The invention adopts a semi-autoregressive method in a decoder by comparing an AR translation mode with a NAR translation mode and combining a transducer model. The decoding mode of semi-autoregressive is realized through blocking, and the decoding is realized through blocking and synchronous decoding when the translation is generated. At this time, NAR mode is adopted between each two blocks in parallel, and AR mode is adopted in each block in series. A priori knowledge is incorporated within the block. The NMT model fusing the term library in the specific field is realized by adding and deleting error information in the history translation, inserting priori knowledge term constraint words, predicting reasonable translation words, retaining and other mechanisms.

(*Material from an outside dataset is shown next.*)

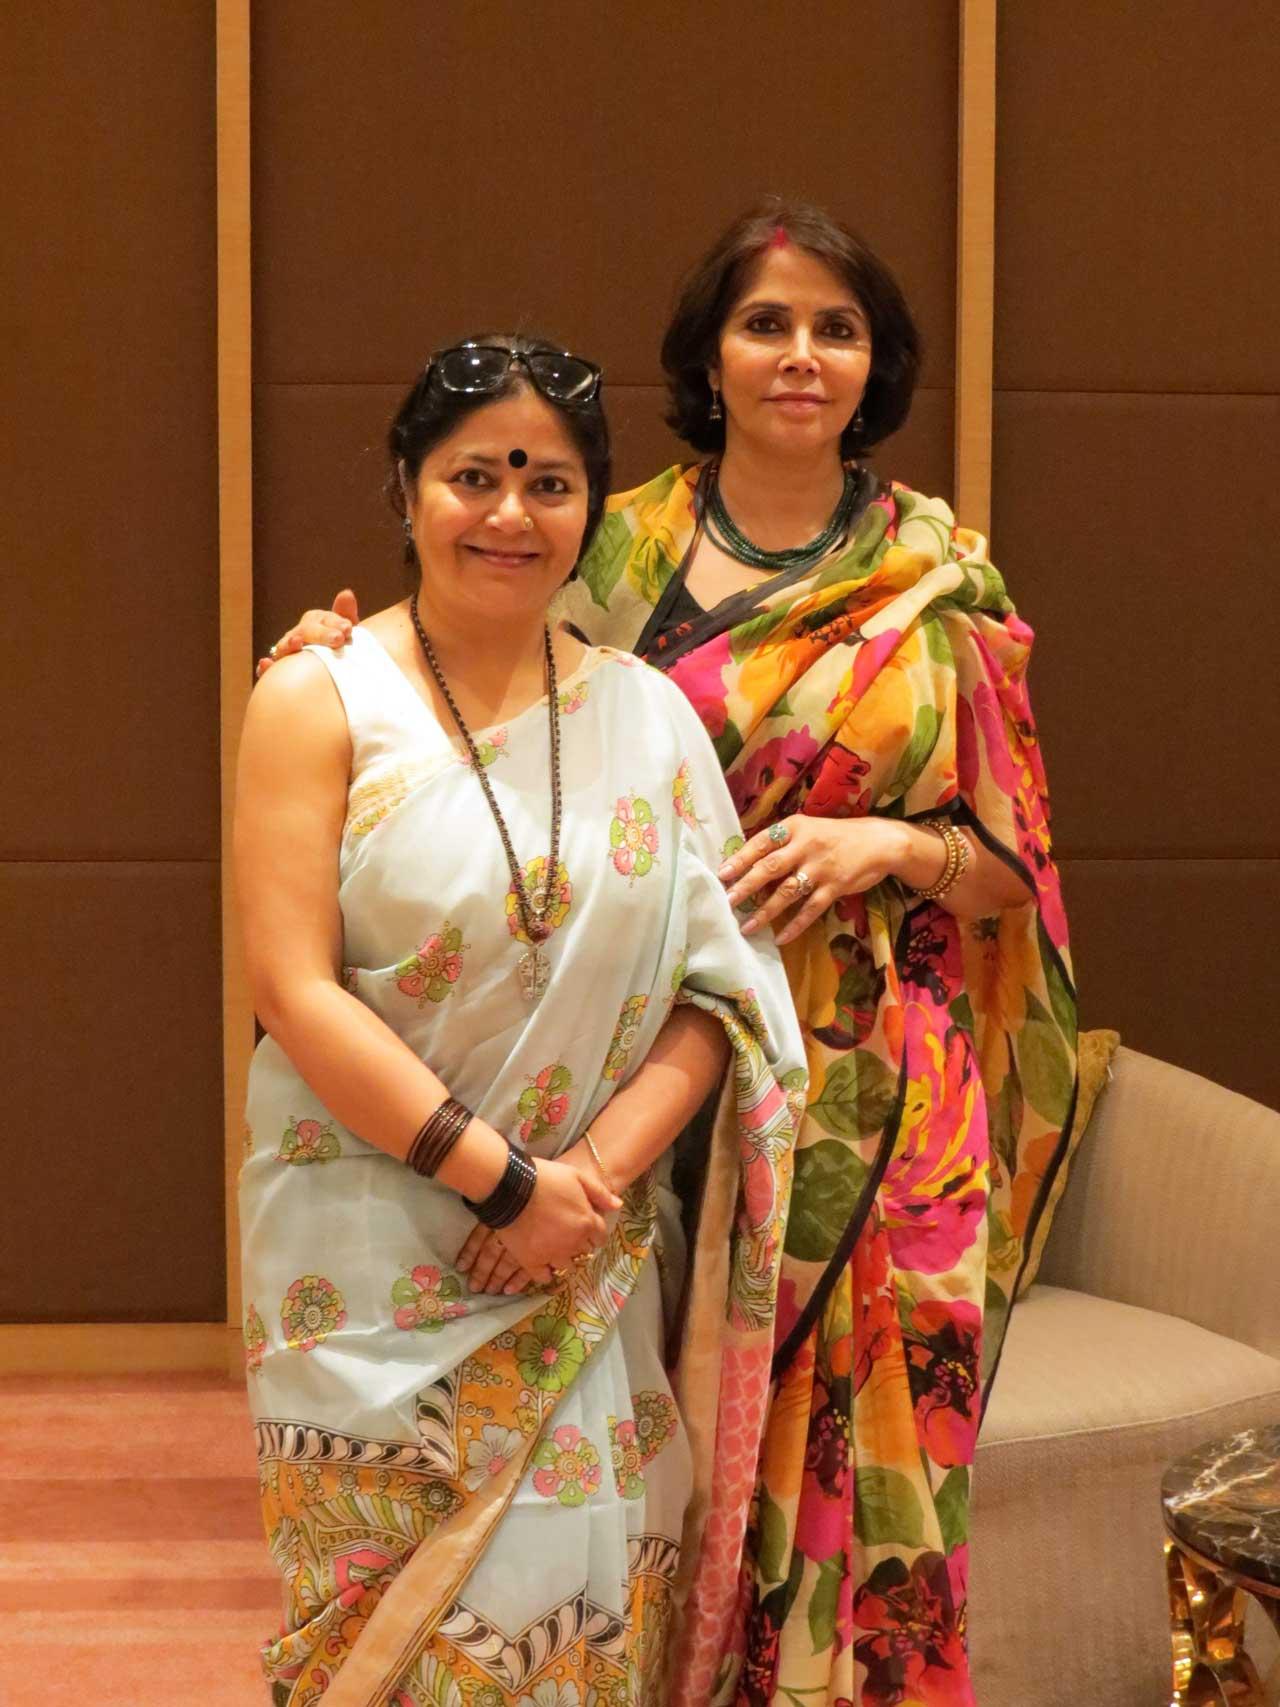 Ehsaas-women-of-Lucknow-Dimple-Trivedi-and-Kanak-Rekha-Chauhan

Finally, comparing the test with the three baseline methods on five test sets of two translation tasks, and analyzing indexes such as BLEU values of translations, translation rates of terms, decoding rates and the like, so that the method can be seen to have larger improvement on the three indexes compared with other baseline methods. Meanwhile, on the basis of not increasing the computational complexity, the prior knowledge of external discrete is effectively integrated. In addition, in order to ensure accurate block number K values, the method independently sets the K values to be 2, 5, 8 and 10, and tests the corresponding translation quality, the translation rate and the decoding rate of the terms. When the K value is 2, the translation efficiency is ensured, and meanwhile, new word terms in a specific field can be effectively translated, so that the method has strong application value in industry.